A Dallas police dash-cam video also showed the Oct. 17 death of 10-year-old Cole Berardi, who was struck by an officer driving at least 29 mph over the speed limit on a darkened road. His sirens and emergency lights were not on.
That video helped persuade Kunkle to issue new driving guidelines, requiring that officers not drive above the speed limit unless lights and sirens are activated.
Recent police videos have sparked outrage elsewhere.
On New Year’s Day, bystanders armed with cellphone cameras in Oakland, Calif., captured a 27-year-old transit police officer shooting Oscar Grant, 22, who was being detained along with several other young black men while police investigated a fight on a train.
Grant was lying face down when the officer pulled the trigger, and bystanders are heard gasping, then screaming at the ring of officers surrounding Grant’s body. The officer is facing murder charges.
In Maryland, a dash-cam video that surfaced this month resulted in prosecutors in Prince George’s County dropping charges against a 30-year-old motorist accused of assaulting two cops. The video showed the officers using batons and pepper spray on the unarmed man, who had refused to sign a traffic ticket.
‘Let me pull the video’
But for the vast majority of officers, dash cams are reputation-savers in alleged misconduct cases, said Mike Fergus, a program manager for the International Association of Chiefs of Police who studied how nearly two dozen state police agencies used dash cams.
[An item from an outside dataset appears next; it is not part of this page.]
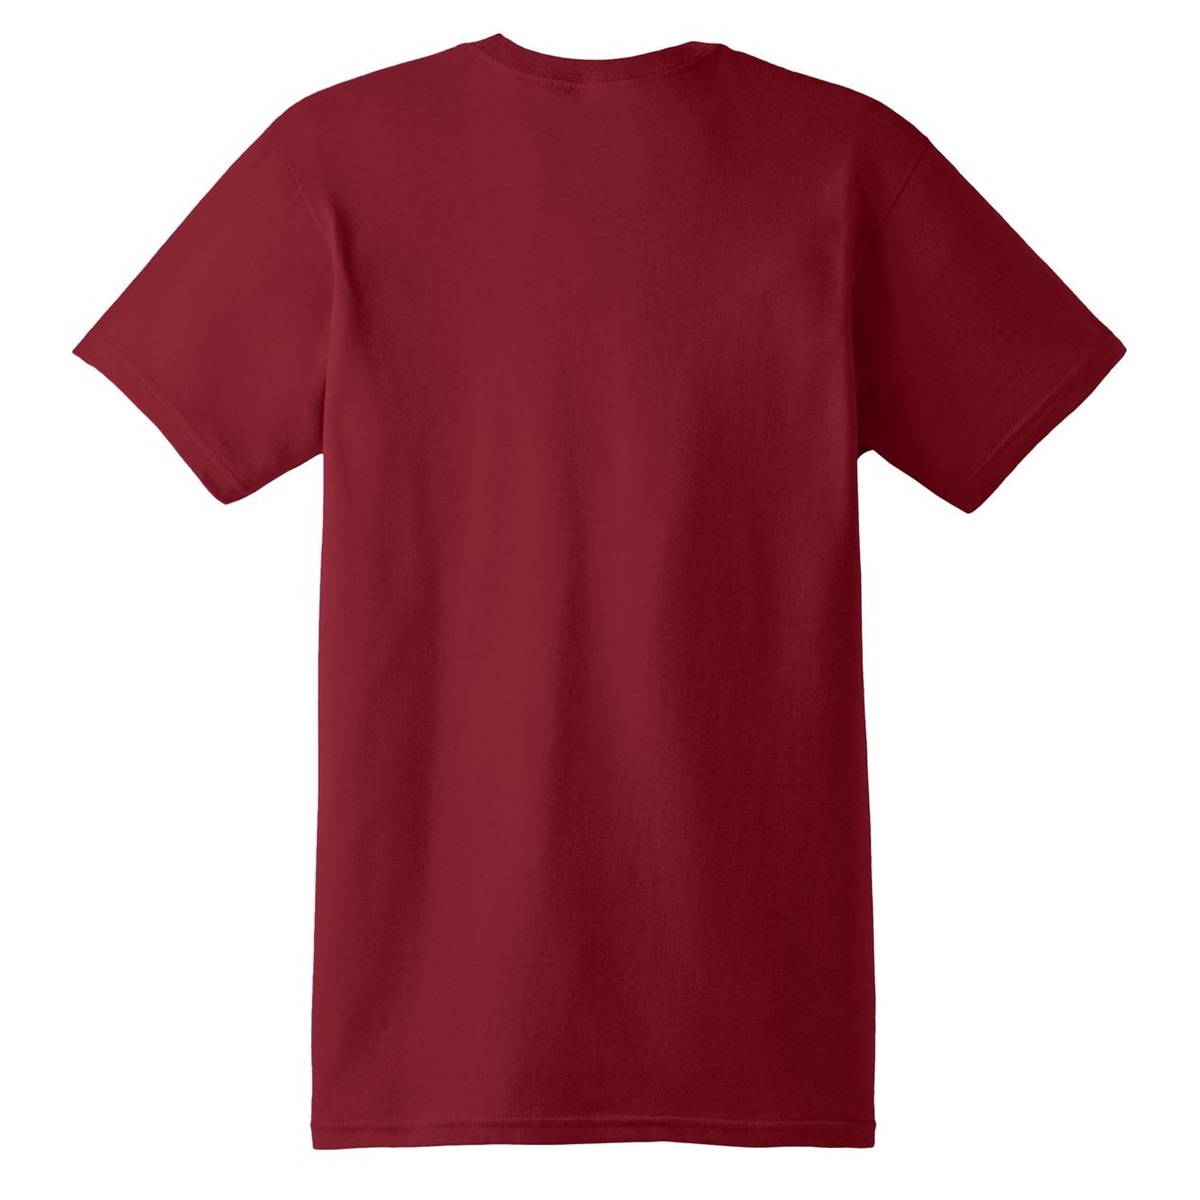 Vintage Red T Shirt 55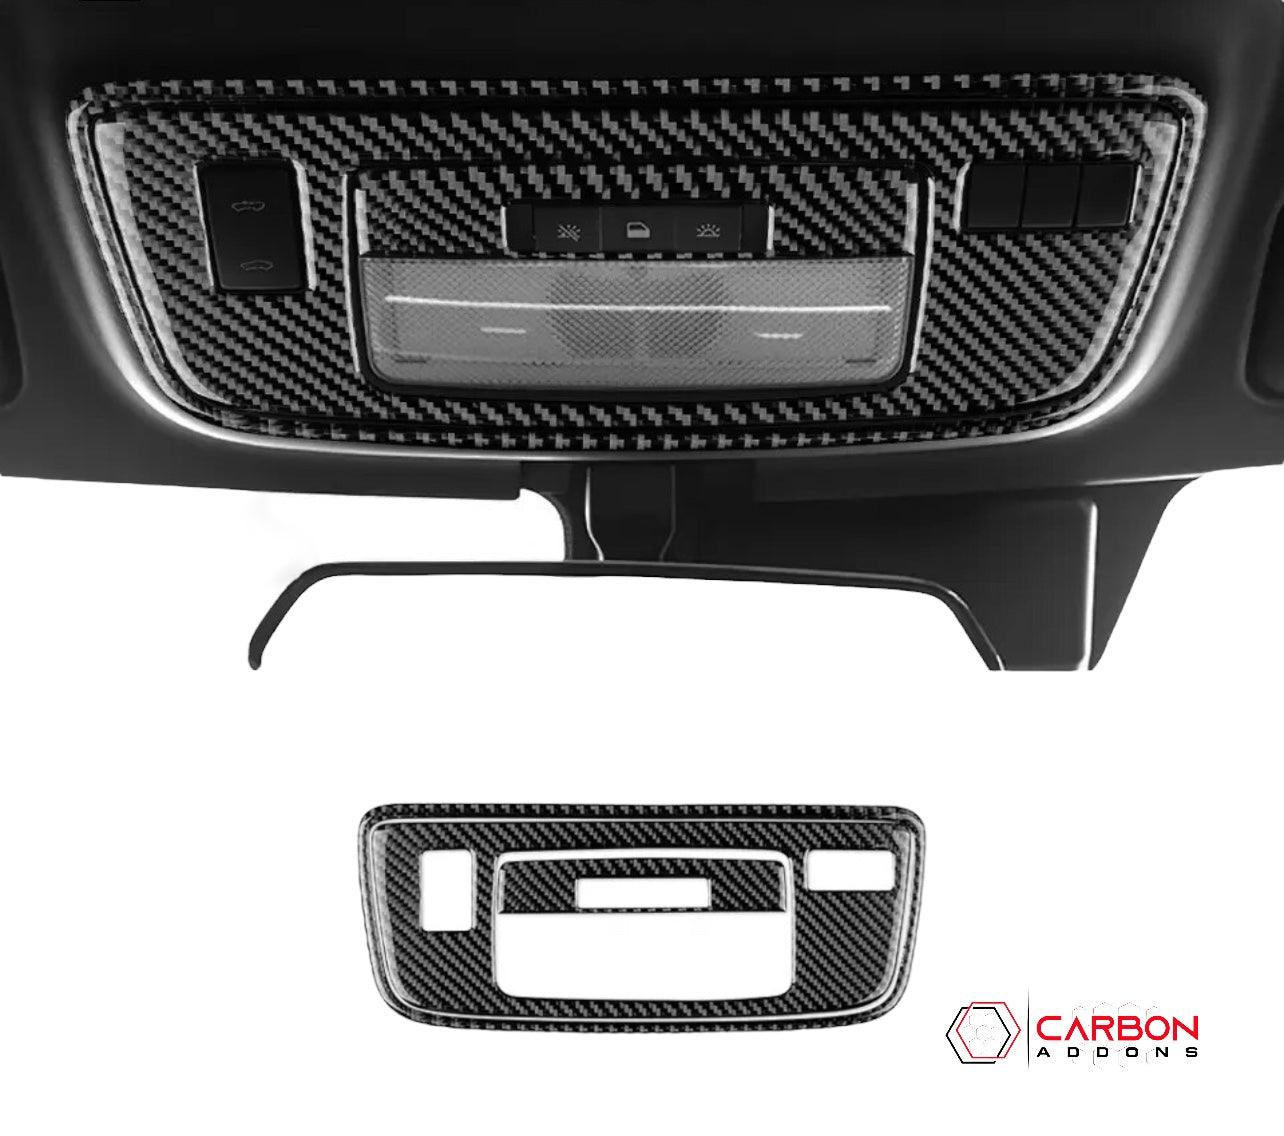 2010-2015 Chevy Camaro Carbon Fiber Dome light Trim Overlay - carbonaddons Carbon Fiber Parts, Accessories, Upgrades, Mods

“Our study found that, if there’s a complaint filed against an officer, and if the incident was recorded, 93 percent of the time, an officer was exonerated,” Fergus said. “Mostly, it’s someone saying the officer was rude, and the sergeant says, ‘Let me pull the video,’ and then click. It’s dropped.”
Dallas police Senior Cpl. Herb Ebsen, 54, is a supporter of having cameras in the cars, but he said some of his colleagues do see drawbacks.
He said officers fear that comments made inside the privacy of the squad car may be used against them. Also, the angle of the camera may not capture the full context of an incident.
“It doesn’t always put everything in context and in complete reality,” said Ebsen, a 26-year veteran. “They can save you or they can kill you. Without a doubt, we know they can all be used against us. Officers feel it’s kind of a Big Brother issue.”
That’s a common sentiment among officers across the U.S., said Nathan Triche, who studied hours of in-car video as part of a master’s thesis in sociology and criminology at the University of North Carolina at Greensboro.
“No one likes being closely supervised,” said Triche, a five-year veteran deputy with the Guilford County sheriff’s department in North Carolina. “You wouldn’t want a camera set up on the side of your office, monitoring how you speak to people on the phone. You’re going to end up with people feeling like they’re micromanaged.”
When questioned by commanders facing increasing public outrage, Powell, who has been a Dallas officer for three years, told his superiors he felt he did nothing wrong in the Moats traffic stop.
According to several Dallas police officers, many young officers share Powell’s assessment of the incident. Seasoned officers who have seen the video, including most members of the command staff, said they were aghast and embarrassed at Powell’s conduct.
Simpson, the Dallas patrol assistant chief, said in-car cameras haven’t “changed police work in my mind. We still do pretty much what police officers do. But it has brought some things to light.”